If the recall measure is of main concern, we see that its value is only 0.59 and it certainly needs to be improved.

Here we use the SMOTE module from imblearn

k_neighbours- represents number of nearest to be consider while generating synthetic points.

sampling_strategy- by default generates synthetic points equal to number of points in majority class.
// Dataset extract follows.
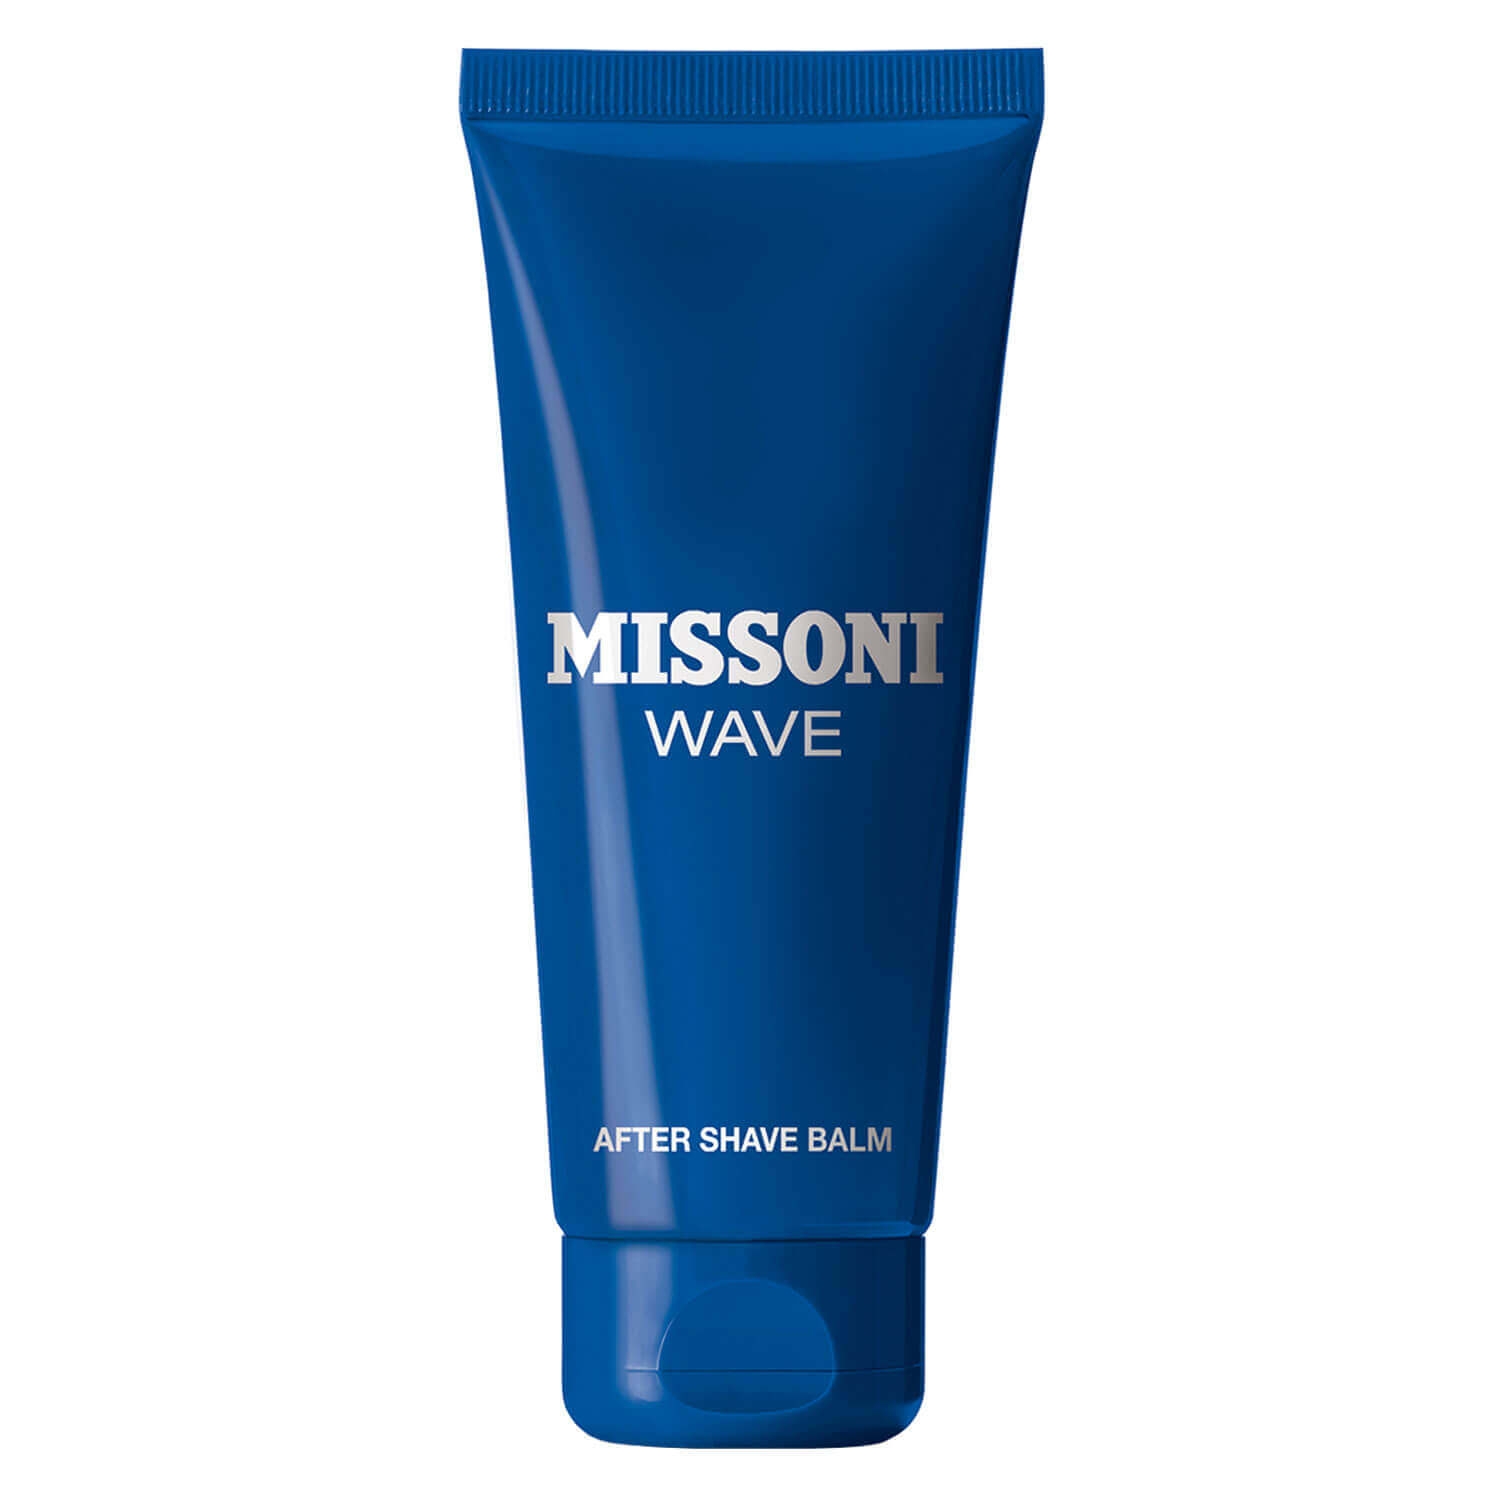 Produktbild von Missoni Wave - After Shave Balm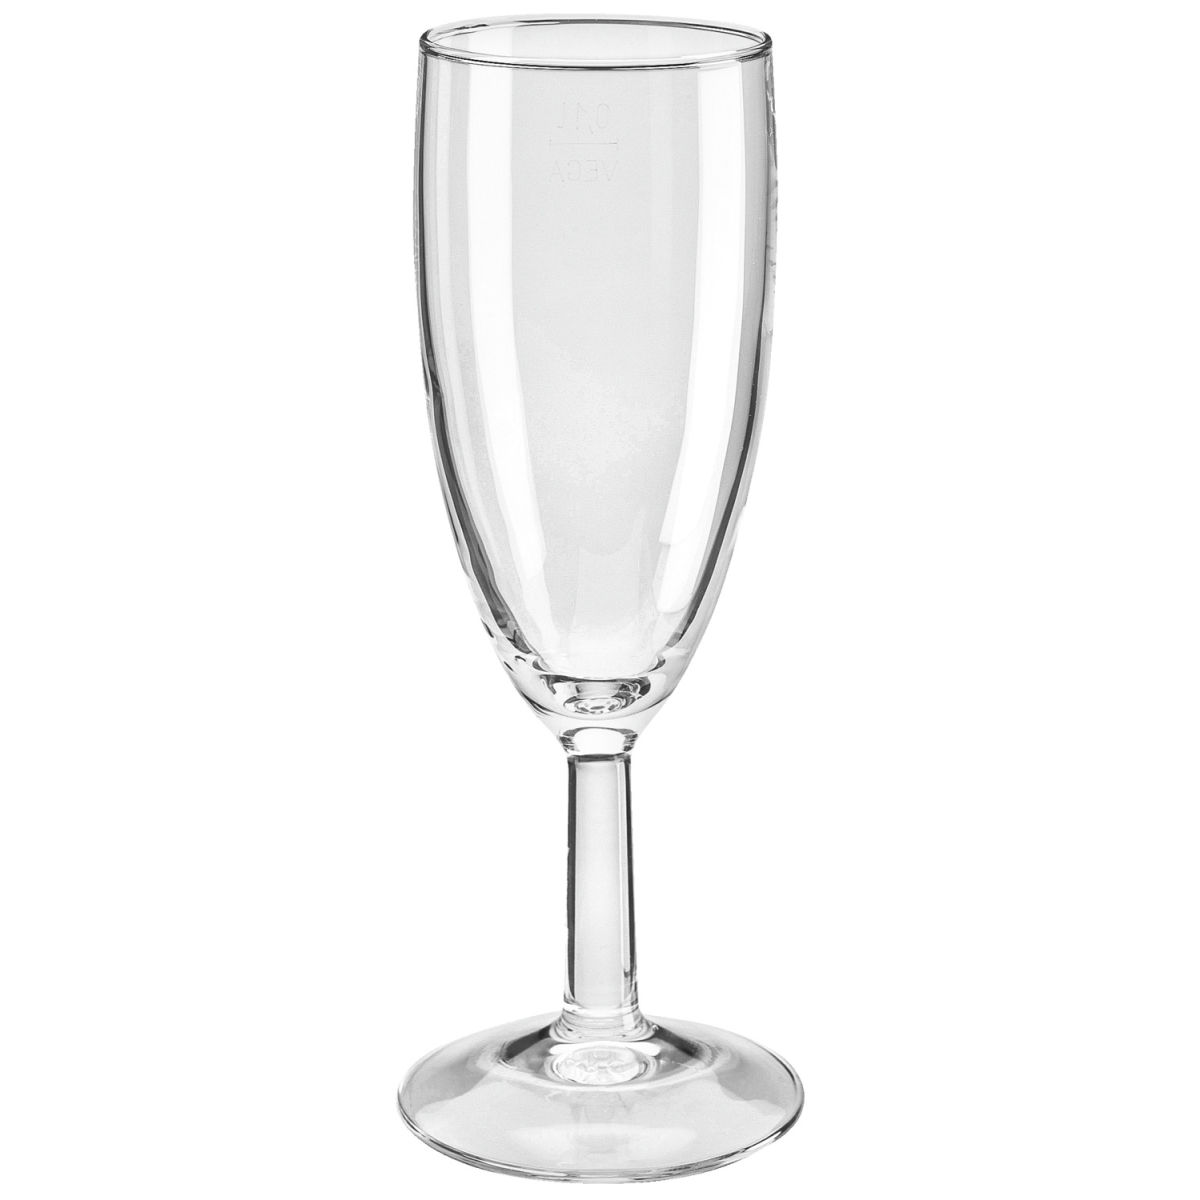 Vega Champagneglas Niki zonder vulstreepje; 160ml, 5.1x15.7 cm (ØxH); transparant; 12 stuk / verpakking

Since, here it is 0.5 it will generate synthetic points half of that of majority class points.

random_state- is simply for reproducability purpose.

print("Before OverSampling, counts of label '1': {}".format(sum(y_train == 1))) 
print("Before OverSampling, counts of label '0': {} \n".format(sum(y_train == 0))) 
  
from imblearn.over_sampling import SMOTE 

sm = SMOTE(sampling_strategy=0.5,k_neighbors=5,random_state = 100) 
X_train_res, y_train_res = sm.fit_sample(x_train, y_train.ravel()) 
  
print('After OverSampling, the shape of train_X: {}'.format(X_train_res.shape)) 
print('After OverSampling, the shape of train_y: {} \n'.format(y_train_res.shape)) 
  
print("After OverSampling, counts of label '1': {}".format(sum(y_train_res == 1))) 
print("After OverSampling, counts of label '0': {}".format(sum(y_train_res == 0)))

Results of SMOTE

lr = LogisticRegression() 
lr.fit(X_train_res, y_train_res.ravel()) 
predictions = lr.predict(x_test) 
  
print('Accuracy ',accuracy_score(y_test,predictions))
print(classification_report(y_test, predictions)) 
sns.heatmap(confusion_matrix(y_test,predictions),annot=True,fmt='.2g')

We can clearly see, the Recall value has significantly improved by using the SMOTE technique.

Conclusion

In this post we looked at why accuracy is not a good metric for an imbalanced data sceanario. After that we saw different sampling techniques (Under & Over sampling). We then looked at a deatiled explanation of SMOTE and its implementation in Python.